### RECORDS SHOWN:

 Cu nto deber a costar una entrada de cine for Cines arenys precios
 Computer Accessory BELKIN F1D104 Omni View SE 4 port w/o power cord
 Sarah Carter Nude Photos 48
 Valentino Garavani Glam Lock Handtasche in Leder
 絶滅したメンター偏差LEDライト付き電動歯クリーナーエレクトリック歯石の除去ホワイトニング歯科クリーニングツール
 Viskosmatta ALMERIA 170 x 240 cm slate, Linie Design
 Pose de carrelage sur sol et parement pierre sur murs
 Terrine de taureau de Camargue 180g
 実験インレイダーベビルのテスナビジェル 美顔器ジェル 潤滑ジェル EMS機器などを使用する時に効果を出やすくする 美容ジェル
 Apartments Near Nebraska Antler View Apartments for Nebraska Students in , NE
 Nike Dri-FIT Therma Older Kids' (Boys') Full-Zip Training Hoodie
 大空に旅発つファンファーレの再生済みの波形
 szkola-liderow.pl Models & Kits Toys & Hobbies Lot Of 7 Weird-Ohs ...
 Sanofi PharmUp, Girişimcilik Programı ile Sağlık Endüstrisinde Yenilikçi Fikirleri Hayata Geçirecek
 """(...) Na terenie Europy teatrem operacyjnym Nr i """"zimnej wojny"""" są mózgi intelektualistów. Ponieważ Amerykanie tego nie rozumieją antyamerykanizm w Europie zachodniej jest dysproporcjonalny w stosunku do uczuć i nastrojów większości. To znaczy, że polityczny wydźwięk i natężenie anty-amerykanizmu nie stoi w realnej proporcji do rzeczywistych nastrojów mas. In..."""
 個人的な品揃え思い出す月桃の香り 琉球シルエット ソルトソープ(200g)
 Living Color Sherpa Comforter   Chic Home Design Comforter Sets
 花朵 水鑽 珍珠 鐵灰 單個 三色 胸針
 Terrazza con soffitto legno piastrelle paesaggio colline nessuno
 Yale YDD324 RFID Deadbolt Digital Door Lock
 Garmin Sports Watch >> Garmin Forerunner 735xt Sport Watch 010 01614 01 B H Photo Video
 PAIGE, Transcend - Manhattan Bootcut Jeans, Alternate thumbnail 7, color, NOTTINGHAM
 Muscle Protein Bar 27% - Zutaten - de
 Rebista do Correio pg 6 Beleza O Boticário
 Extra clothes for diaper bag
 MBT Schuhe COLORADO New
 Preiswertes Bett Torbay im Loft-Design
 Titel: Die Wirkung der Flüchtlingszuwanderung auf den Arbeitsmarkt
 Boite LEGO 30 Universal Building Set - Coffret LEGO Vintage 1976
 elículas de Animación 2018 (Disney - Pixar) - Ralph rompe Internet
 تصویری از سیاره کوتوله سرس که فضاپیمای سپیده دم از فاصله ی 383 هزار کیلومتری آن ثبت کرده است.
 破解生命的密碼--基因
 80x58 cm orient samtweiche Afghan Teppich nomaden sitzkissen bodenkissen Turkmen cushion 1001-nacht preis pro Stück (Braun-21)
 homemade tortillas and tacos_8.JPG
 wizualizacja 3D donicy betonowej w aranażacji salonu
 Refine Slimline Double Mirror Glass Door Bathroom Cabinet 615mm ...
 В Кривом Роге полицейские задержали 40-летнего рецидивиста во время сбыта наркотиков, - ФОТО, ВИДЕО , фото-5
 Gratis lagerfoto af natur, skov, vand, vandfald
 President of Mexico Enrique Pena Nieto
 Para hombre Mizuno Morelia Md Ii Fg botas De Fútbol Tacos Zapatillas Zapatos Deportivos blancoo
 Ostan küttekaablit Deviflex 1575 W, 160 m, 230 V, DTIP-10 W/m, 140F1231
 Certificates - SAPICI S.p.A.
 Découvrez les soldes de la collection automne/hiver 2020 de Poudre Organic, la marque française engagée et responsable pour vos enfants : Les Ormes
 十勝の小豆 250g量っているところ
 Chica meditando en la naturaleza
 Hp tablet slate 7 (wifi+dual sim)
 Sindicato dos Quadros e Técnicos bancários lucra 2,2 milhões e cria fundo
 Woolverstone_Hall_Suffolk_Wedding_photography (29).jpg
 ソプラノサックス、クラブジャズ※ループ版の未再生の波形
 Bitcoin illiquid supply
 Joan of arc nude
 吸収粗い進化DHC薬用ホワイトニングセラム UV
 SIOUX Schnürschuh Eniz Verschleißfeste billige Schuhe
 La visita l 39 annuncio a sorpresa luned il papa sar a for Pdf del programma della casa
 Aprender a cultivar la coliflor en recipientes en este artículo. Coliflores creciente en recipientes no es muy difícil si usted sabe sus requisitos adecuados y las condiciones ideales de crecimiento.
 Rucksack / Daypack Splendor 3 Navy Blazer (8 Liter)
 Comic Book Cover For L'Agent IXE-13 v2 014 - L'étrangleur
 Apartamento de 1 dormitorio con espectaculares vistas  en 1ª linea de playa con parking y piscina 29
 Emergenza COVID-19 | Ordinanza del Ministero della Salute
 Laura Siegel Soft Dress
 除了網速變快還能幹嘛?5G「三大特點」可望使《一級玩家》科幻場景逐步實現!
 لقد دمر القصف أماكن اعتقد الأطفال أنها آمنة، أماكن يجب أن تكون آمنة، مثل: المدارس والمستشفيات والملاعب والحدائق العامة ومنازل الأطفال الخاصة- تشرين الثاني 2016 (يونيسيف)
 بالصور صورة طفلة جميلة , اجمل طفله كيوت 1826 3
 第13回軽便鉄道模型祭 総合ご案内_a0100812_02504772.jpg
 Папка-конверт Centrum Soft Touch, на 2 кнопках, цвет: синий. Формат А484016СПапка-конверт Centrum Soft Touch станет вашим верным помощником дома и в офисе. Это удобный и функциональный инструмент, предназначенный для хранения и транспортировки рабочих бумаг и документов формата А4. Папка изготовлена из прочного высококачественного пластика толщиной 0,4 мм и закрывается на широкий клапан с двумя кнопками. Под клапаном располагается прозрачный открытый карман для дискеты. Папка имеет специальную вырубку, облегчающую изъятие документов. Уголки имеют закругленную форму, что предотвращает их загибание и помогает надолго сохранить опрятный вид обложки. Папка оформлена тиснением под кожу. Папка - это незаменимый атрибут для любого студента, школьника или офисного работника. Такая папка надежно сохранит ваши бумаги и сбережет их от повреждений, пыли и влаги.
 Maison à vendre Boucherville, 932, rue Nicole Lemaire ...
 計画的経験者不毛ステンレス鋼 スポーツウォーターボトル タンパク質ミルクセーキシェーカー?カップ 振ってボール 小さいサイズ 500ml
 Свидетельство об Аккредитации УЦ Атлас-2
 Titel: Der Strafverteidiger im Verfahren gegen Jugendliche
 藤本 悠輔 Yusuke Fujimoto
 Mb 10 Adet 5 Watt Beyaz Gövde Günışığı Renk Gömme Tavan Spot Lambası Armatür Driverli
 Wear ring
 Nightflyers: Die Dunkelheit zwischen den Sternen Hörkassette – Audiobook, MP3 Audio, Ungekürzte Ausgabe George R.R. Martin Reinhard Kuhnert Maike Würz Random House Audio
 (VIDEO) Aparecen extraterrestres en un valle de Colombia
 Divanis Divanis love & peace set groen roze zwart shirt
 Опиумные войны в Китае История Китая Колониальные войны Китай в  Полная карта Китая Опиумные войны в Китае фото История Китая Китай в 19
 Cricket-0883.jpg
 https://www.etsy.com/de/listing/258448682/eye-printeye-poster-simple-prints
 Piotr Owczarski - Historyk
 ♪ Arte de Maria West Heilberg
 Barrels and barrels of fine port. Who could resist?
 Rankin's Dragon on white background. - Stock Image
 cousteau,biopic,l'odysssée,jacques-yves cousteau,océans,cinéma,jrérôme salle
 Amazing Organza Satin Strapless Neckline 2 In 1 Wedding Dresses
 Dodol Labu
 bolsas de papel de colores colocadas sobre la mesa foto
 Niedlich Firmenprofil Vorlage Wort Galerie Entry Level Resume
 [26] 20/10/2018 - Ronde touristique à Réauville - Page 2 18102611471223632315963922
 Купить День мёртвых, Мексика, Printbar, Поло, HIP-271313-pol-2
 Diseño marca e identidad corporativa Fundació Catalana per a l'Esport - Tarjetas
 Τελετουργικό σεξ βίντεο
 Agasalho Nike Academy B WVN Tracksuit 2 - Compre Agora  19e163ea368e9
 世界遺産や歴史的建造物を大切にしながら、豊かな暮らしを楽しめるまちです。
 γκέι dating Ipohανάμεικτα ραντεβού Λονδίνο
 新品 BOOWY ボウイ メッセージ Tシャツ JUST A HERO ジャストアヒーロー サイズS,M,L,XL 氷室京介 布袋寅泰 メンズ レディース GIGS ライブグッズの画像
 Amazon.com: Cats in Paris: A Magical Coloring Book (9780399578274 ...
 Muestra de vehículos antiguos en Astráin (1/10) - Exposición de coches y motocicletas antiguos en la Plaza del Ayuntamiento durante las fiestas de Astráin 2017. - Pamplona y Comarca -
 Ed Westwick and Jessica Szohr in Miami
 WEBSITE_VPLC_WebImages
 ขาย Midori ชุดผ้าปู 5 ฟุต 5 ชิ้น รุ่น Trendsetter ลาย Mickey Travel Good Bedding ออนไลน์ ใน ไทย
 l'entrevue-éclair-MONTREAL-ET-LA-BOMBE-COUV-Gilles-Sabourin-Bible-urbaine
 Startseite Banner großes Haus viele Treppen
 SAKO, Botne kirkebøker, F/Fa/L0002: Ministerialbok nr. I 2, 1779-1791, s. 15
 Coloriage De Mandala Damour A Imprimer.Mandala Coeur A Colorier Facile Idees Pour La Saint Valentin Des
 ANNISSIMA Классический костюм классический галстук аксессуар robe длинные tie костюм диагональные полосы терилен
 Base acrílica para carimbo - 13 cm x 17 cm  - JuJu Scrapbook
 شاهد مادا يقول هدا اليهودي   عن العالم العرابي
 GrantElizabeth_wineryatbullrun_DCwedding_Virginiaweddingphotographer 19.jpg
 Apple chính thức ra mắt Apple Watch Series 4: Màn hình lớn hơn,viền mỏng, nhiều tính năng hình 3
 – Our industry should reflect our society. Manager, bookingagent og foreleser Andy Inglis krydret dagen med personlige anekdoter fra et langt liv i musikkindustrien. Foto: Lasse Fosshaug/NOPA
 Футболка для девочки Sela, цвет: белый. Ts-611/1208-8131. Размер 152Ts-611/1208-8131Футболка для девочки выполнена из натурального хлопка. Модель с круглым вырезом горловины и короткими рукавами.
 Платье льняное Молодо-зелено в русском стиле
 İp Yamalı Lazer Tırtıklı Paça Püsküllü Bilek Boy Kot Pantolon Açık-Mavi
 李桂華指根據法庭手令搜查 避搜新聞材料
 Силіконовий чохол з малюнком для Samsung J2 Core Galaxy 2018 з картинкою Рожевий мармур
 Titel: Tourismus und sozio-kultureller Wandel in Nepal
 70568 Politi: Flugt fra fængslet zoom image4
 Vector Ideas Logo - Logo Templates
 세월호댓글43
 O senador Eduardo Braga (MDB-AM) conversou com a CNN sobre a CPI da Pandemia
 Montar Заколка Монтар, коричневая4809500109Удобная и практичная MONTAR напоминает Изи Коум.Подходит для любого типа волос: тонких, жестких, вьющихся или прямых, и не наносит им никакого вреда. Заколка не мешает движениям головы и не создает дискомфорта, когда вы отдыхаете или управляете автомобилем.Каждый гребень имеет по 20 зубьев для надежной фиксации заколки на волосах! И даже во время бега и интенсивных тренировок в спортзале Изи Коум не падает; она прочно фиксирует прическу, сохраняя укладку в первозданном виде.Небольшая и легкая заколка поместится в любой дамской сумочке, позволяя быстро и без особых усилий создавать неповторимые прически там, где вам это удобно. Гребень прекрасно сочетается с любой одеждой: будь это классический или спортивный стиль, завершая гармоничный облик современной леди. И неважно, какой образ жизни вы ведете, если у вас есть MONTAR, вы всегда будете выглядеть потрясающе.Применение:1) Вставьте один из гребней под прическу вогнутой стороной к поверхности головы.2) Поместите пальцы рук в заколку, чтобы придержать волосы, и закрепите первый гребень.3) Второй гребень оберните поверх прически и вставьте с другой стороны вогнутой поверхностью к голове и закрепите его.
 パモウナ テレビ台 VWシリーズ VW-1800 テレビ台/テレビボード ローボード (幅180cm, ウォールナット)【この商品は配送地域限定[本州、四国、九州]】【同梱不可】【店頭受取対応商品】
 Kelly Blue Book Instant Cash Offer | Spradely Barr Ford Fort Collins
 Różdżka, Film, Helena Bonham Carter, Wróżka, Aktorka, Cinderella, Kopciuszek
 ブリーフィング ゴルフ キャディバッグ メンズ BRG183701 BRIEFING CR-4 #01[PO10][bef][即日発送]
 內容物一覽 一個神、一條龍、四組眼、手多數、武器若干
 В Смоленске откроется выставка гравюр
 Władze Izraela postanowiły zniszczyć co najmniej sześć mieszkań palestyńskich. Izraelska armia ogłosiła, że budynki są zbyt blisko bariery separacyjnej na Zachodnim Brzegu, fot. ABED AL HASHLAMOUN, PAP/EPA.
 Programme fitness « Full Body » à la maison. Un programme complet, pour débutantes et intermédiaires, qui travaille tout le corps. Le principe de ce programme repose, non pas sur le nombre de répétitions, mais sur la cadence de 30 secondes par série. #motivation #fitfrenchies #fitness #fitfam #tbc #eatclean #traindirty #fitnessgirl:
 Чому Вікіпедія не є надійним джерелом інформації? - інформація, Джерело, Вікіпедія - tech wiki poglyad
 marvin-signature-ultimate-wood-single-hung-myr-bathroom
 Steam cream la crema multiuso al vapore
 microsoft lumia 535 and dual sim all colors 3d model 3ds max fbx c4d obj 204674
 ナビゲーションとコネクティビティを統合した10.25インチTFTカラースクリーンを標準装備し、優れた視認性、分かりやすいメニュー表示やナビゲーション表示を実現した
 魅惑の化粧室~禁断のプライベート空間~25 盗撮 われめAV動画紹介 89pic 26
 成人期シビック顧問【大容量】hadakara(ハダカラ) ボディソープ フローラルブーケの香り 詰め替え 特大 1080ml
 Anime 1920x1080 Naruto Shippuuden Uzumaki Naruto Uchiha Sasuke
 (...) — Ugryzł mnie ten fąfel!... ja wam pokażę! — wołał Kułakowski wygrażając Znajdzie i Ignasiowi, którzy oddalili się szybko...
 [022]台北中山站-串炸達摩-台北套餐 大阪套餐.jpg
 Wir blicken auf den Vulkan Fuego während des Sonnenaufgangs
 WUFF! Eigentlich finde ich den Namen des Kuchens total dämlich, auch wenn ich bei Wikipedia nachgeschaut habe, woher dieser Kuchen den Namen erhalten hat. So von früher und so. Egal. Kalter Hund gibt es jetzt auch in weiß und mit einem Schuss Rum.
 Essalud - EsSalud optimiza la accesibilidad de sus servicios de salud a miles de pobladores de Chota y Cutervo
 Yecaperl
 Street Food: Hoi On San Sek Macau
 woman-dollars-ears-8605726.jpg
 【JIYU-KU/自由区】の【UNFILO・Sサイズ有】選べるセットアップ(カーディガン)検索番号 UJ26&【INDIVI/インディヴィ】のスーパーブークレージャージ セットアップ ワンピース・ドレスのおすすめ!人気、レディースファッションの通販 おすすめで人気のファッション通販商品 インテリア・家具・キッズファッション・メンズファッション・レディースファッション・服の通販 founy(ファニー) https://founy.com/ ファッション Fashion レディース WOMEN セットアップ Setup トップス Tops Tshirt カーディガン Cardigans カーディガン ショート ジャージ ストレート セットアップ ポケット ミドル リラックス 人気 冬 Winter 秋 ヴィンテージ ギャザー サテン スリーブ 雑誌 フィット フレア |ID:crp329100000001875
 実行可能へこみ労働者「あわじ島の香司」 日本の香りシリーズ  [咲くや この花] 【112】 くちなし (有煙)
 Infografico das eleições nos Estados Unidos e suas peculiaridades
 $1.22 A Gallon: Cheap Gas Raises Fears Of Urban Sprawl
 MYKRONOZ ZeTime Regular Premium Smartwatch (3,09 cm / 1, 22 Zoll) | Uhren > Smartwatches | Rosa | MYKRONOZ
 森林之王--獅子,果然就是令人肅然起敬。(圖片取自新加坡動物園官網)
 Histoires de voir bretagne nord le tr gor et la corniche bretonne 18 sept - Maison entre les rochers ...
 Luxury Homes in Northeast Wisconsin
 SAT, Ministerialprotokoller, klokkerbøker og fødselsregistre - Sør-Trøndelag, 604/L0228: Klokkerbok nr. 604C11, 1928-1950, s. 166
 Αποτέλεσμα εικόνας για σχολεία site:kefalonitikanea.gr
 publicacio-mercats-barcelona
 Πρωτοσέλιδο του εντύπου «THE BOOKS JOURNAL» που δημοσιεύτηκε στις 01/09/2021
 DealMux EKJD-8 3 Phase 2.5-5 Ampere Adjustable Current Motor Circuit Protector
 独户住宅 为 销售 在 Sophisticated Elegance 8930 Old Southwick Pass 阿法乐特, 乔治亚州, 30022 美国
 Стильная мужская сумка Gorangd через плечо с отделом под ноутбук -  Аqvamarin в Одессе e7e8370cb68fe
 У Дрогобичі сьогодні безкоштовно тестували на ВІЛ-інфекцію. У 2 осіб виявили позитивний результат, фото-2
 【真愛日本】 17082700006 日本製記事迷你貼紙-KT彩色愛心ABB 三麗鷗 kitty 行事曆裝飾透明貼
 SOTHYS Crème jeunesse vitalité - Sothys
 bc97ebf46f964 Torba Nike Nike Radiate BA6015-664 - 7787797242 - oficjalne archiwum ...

### REQUIRED ACTION:
Go to the line with "三麗鷗 kitty 行事曆裝飾透明貼" and set down that line and every line after it, through the end of the material above, word for word.

### PROBLEM SOLUTION:
 【真愛日本】 17082700006 日本製記事迷你貼紙-KT彩色愛心ABB 三麗鷗 kitty 行事曆裝飾透明貼
 SOTHYS Crème jeunesse vitalité - Sothys
 bc97ebf46f964 Torba Nike Nike Radiate BA6015-664 - 7787797242 - oficjalne archiwum ...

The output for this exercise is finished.